An Efficient Implementation of Self
An Efficient Implementation of Self, a Dynamically-Typed Object-Oriented Language Based on Prototypes presents techniques for runtime compilation, now more commonly referred to as just-in-time (JIT) compilation, for the Self programming language.
We have developed and implemented techniques that double the performance of the dynamically-typed object oriented languages.

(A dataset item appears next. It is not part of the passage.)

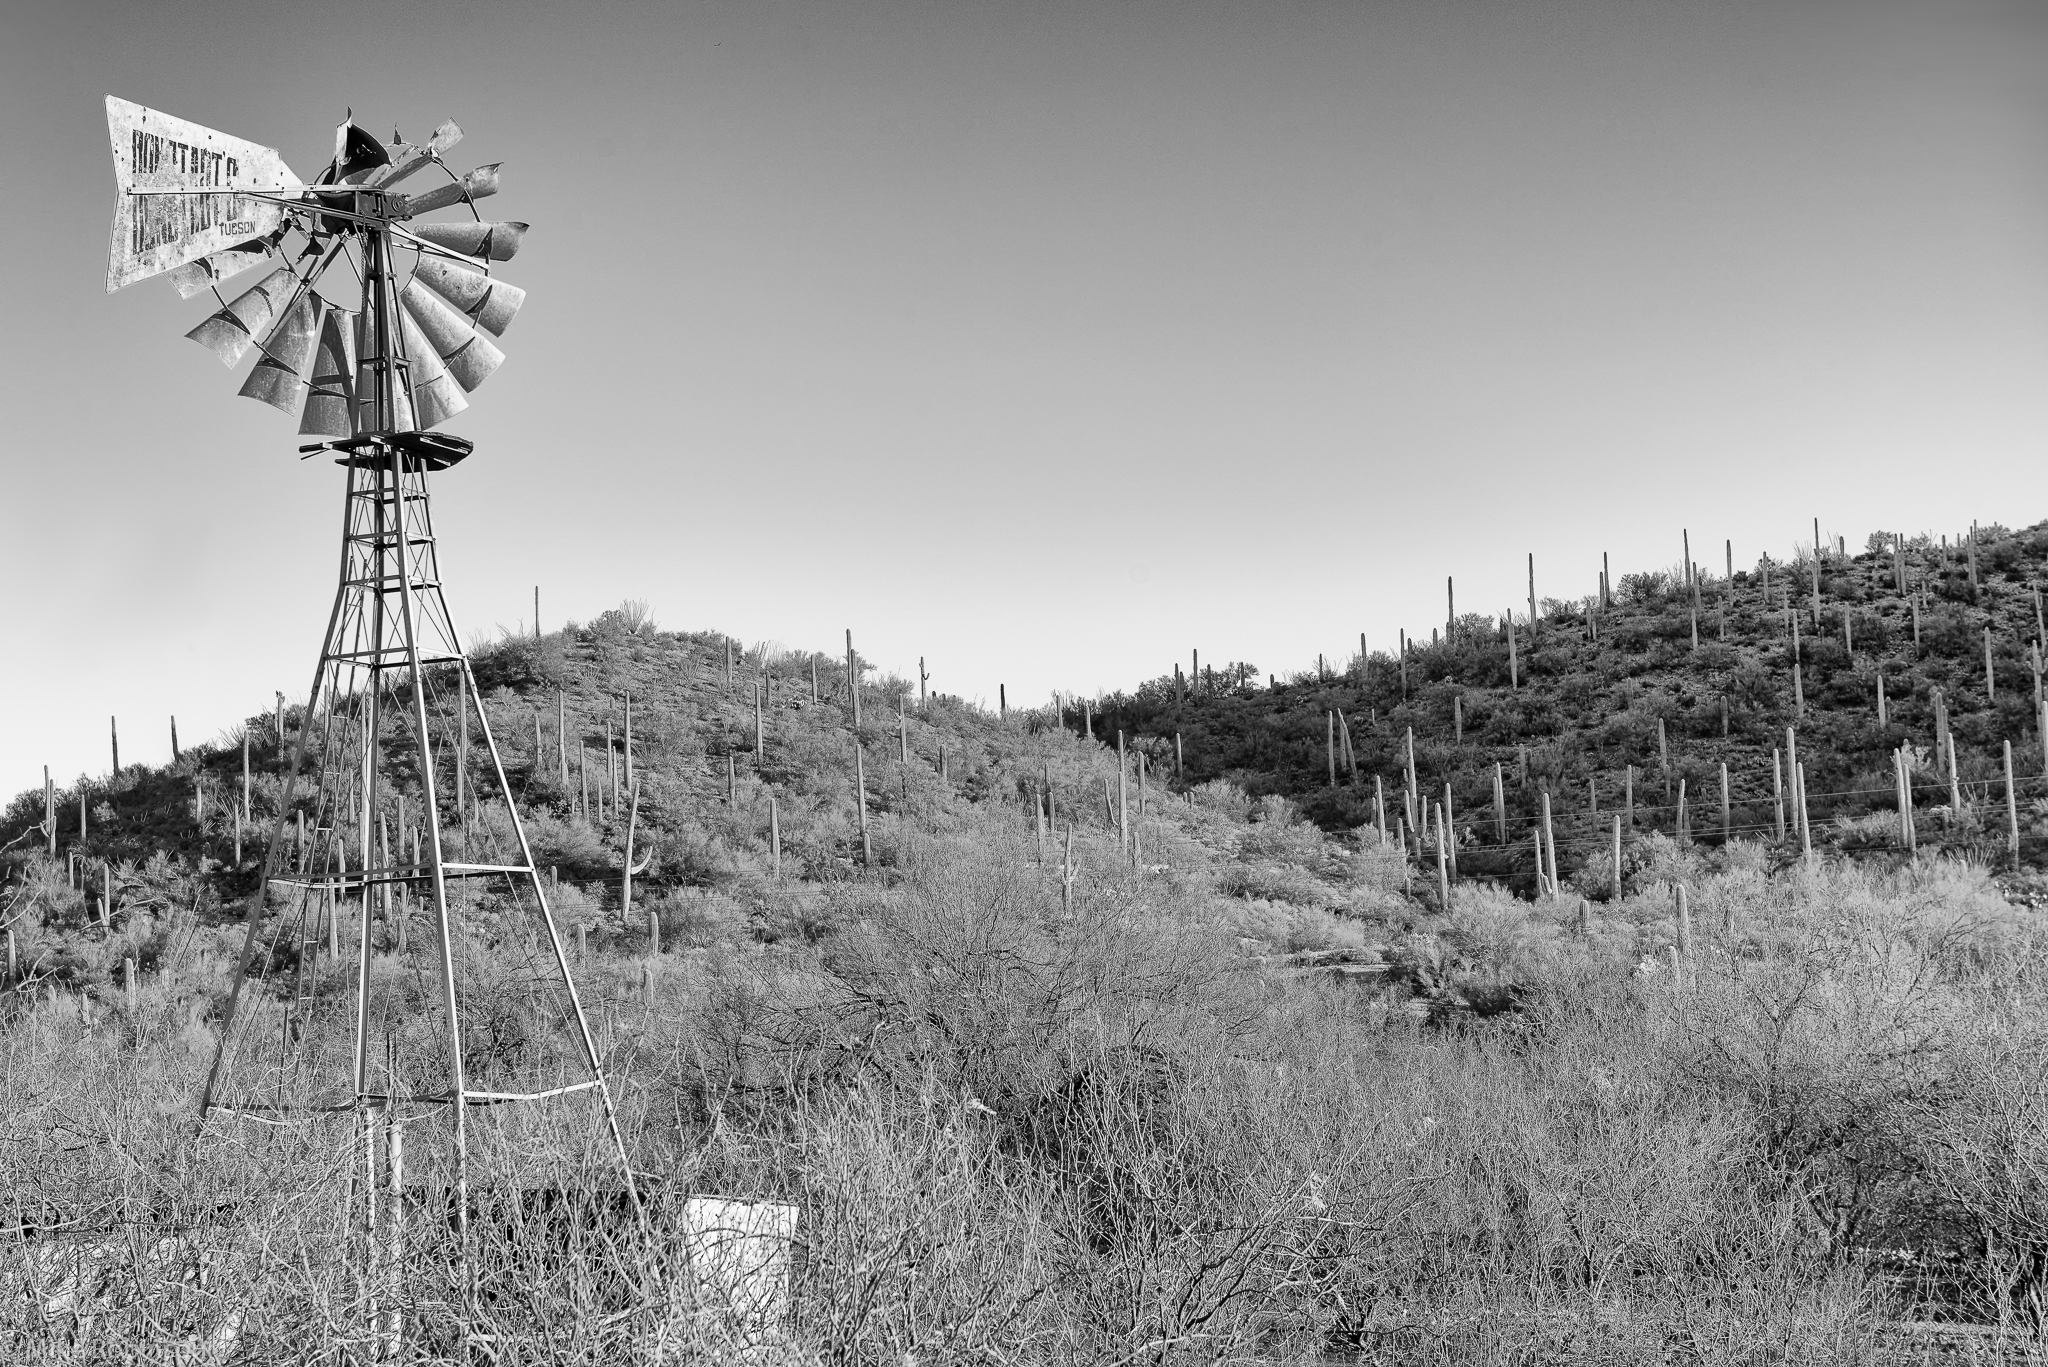 Southern_Arizona_Roadside_BW

Due to the lack of a compiler name, I refer to the compiler presented in this paper as "the Self compiler".
The Challenge
The term "dynamic language" is mostly commonly associated with modern scripting languages like Python and JavaScript. Self, a much older language developed at the famed Xerox PARC labs, takes the philosophy of dynamism to a logical extreme -- everything in self is a message to an object. This includes Java-like method calls on object as well as control structures like loops and conditionals.1
Note: Self's multi-argument methods have the form:
( | IfTrue: trueBlock IfFalse: falseBlock = ( trueBlock value ). | )allowing for multiple named arguments. In Self parlance, the method name is read as
IfTrue:IfFalse:
and is invoked by placing the arguments after each : separated name. See the Self documentation for more information.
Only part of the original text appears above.